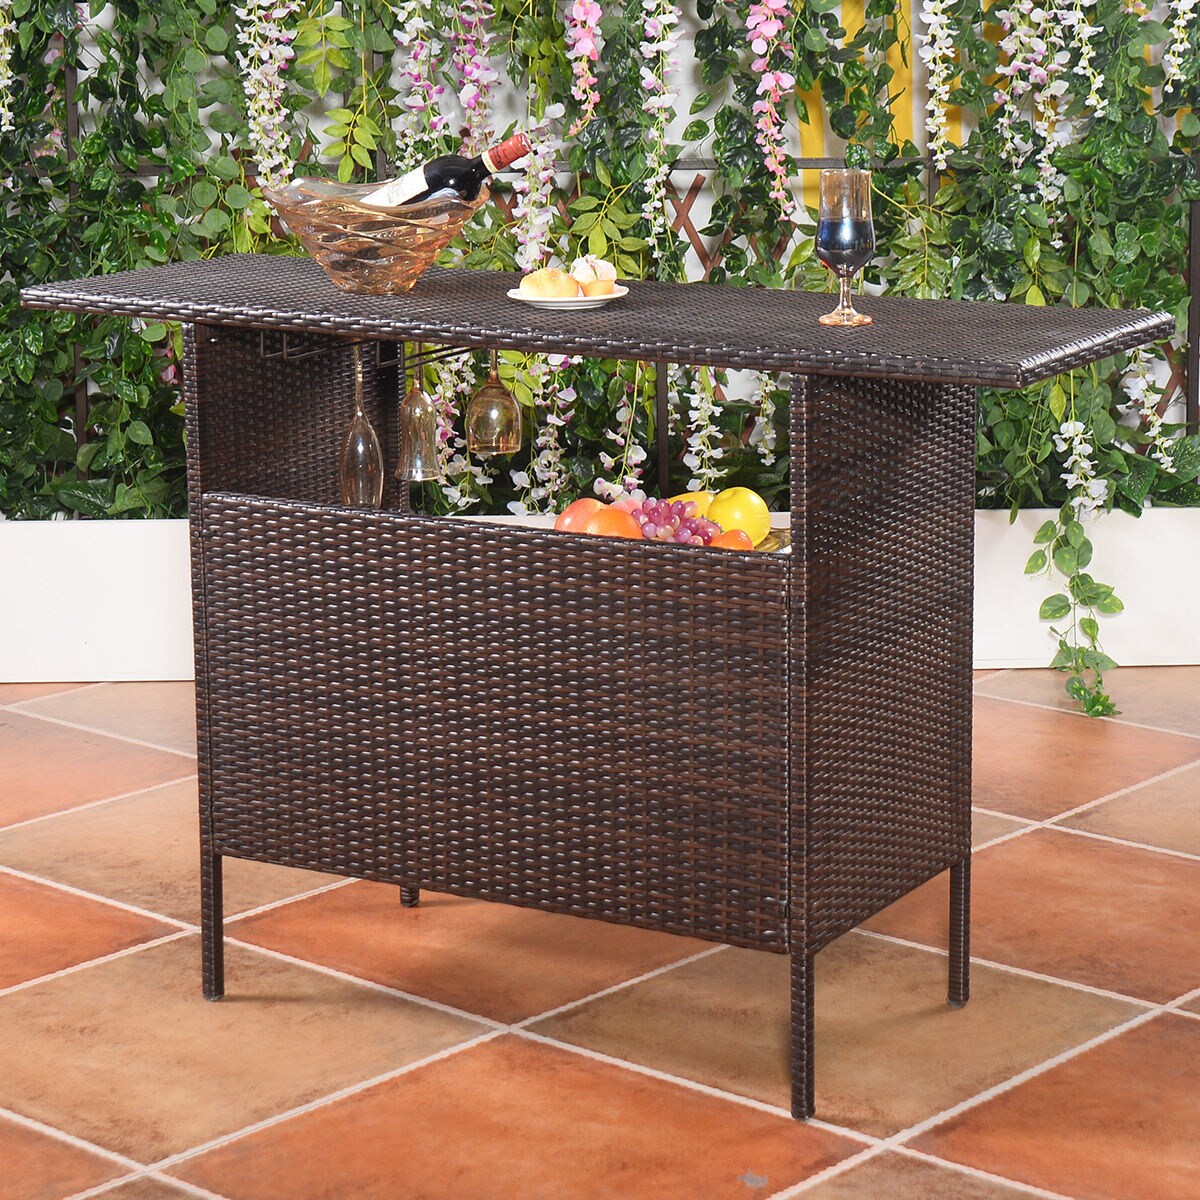 CASAINC Rectangle Rattan Outdoor Bar Height Table 18.5-in W x 55.1-in L
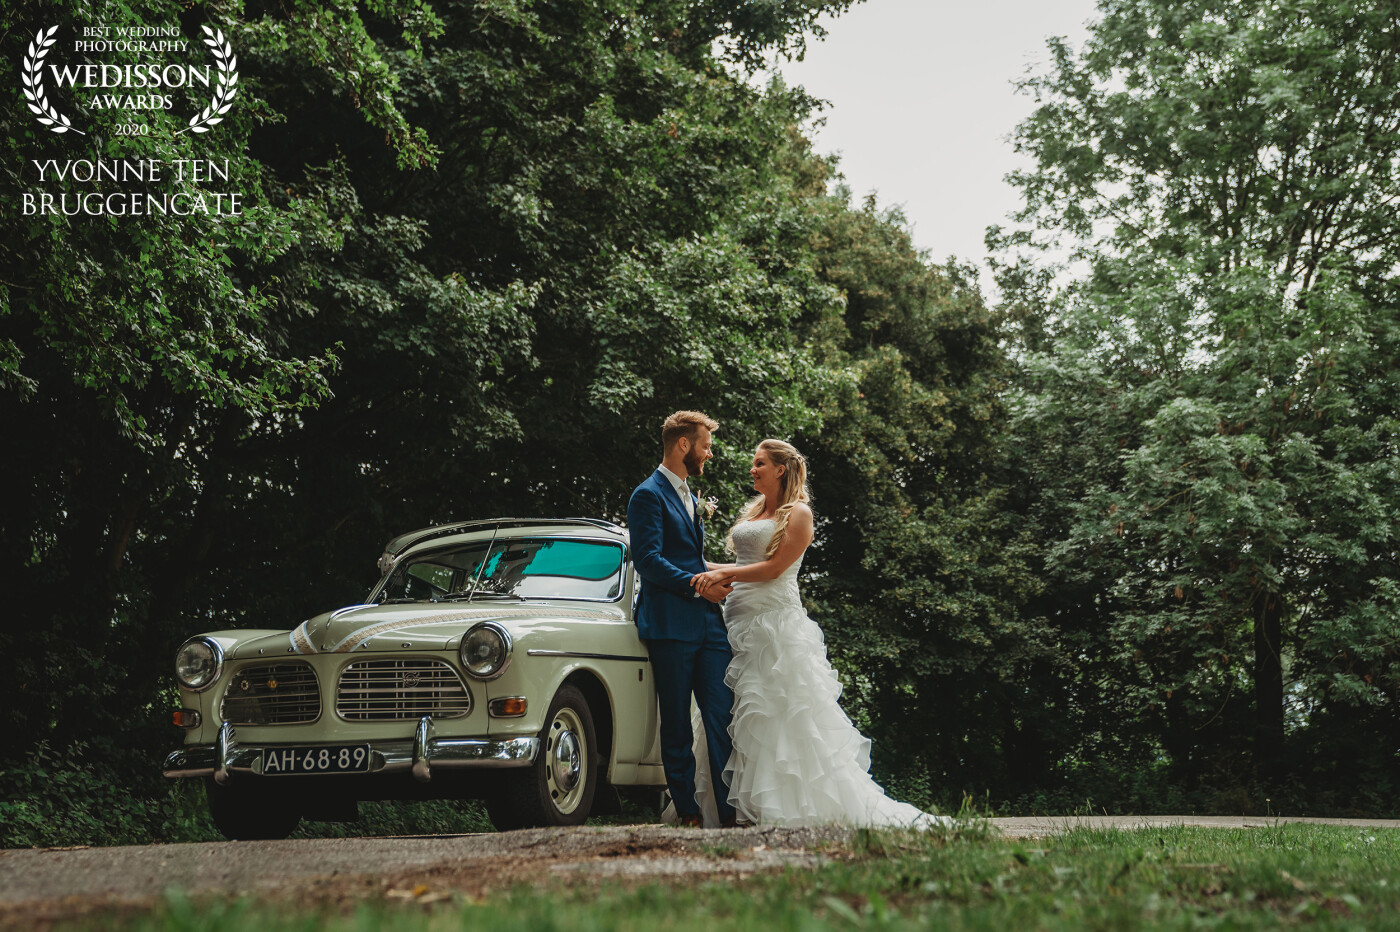 Thijs and Laura hired this beautiful green oldtimer for their wedding. Of course we should involve it in the photos. Look at her beautiful dress and the light. Can't believe it has been raining for more than an hour right before this moment. We where so lucky!
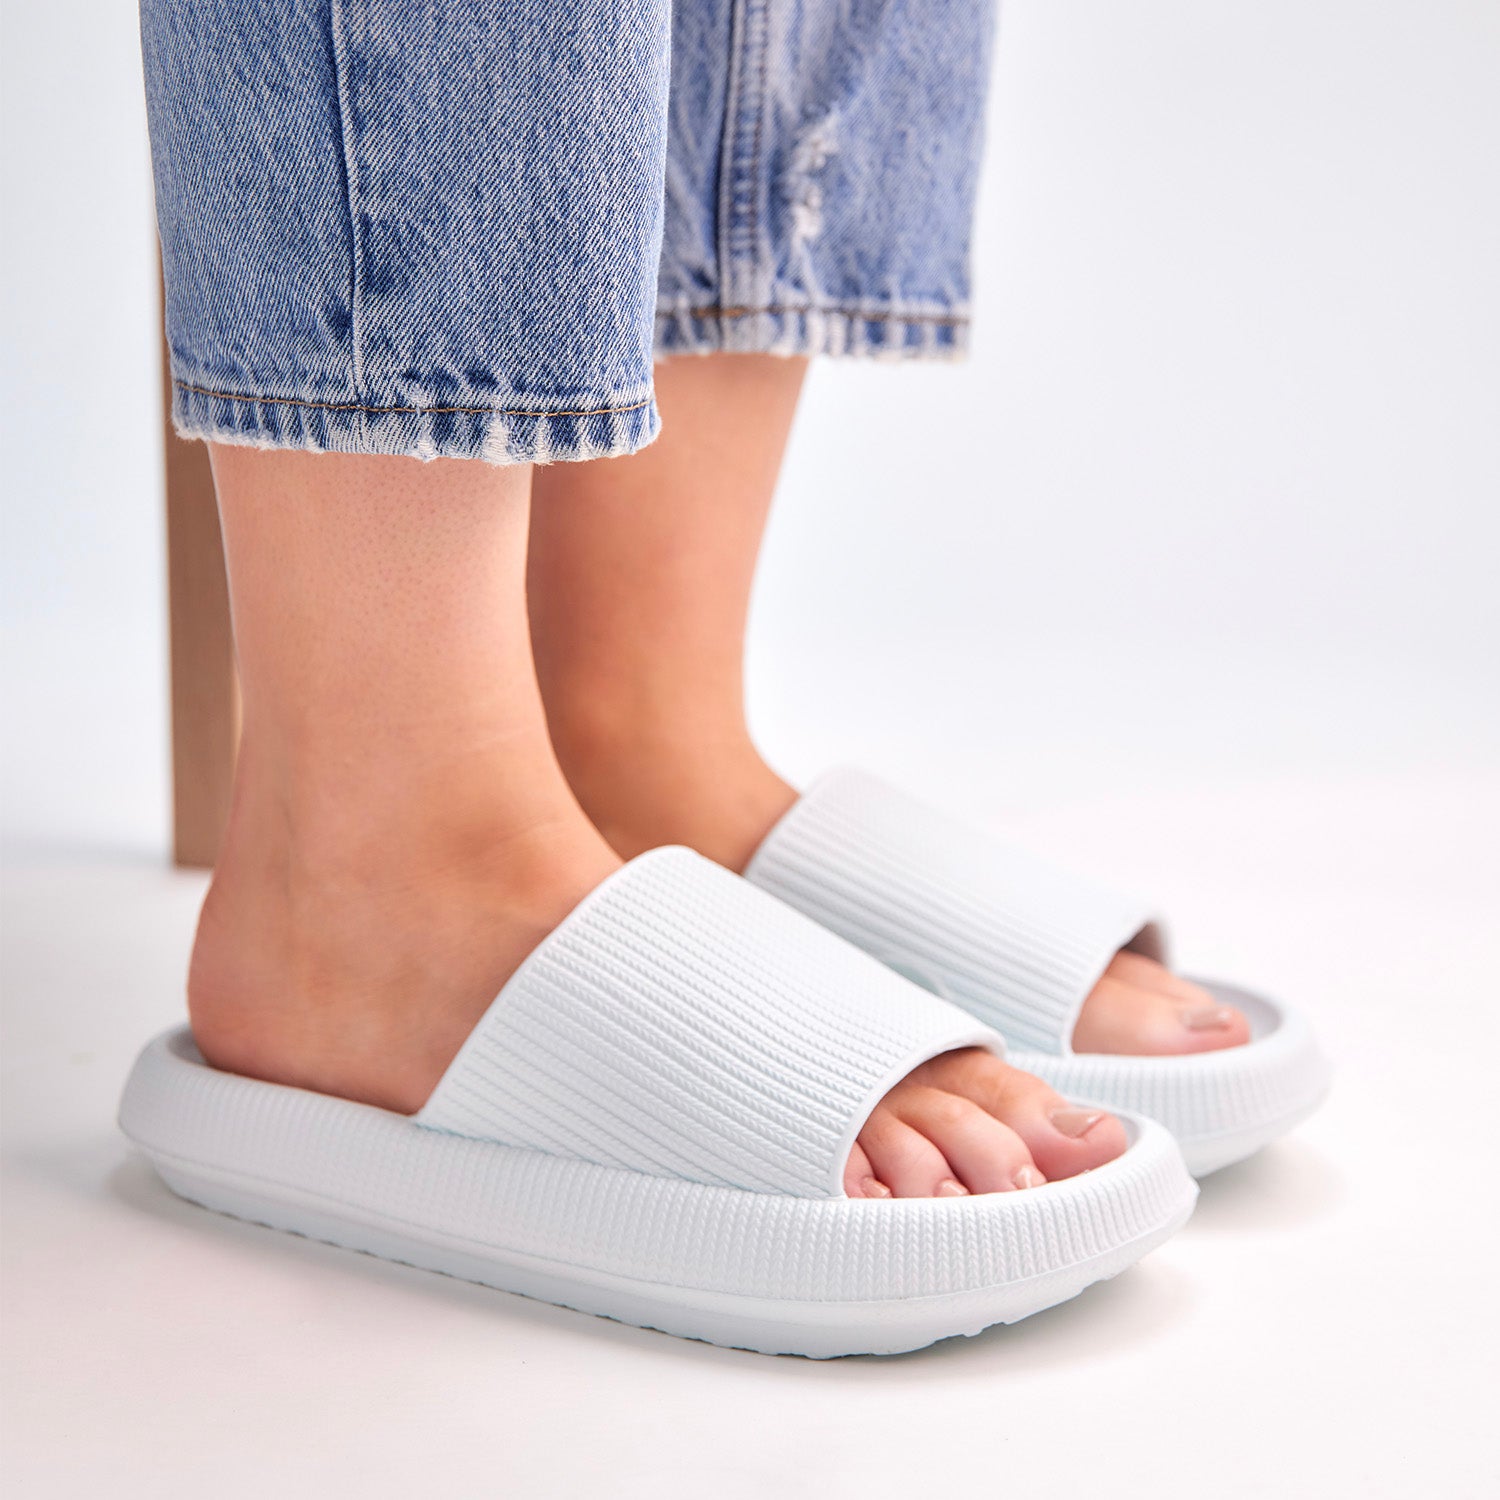 These Slide Sandals With 7,200+ Perfect Ratings Start at Just $14

WHAT IS NEEDED = Exactly repeat the data above; the pictures do not belong in your copy.

RESULT FOR THIS TASK =
 CASAINC Rectangle Rattan Outdoor Bar Height Table 18.5-in W x 55.1-in L
 Thijs and Laura hired this beautiful green oldtimer for their wedding. Of course we should involve it in the photos. Look at her beautiful dress and the light. Can't believe it has been raining for more than an hour right before this moment. We where so lucky!
 These Slide Sandals With 7,200+ Perfect Ratings Start at Just $14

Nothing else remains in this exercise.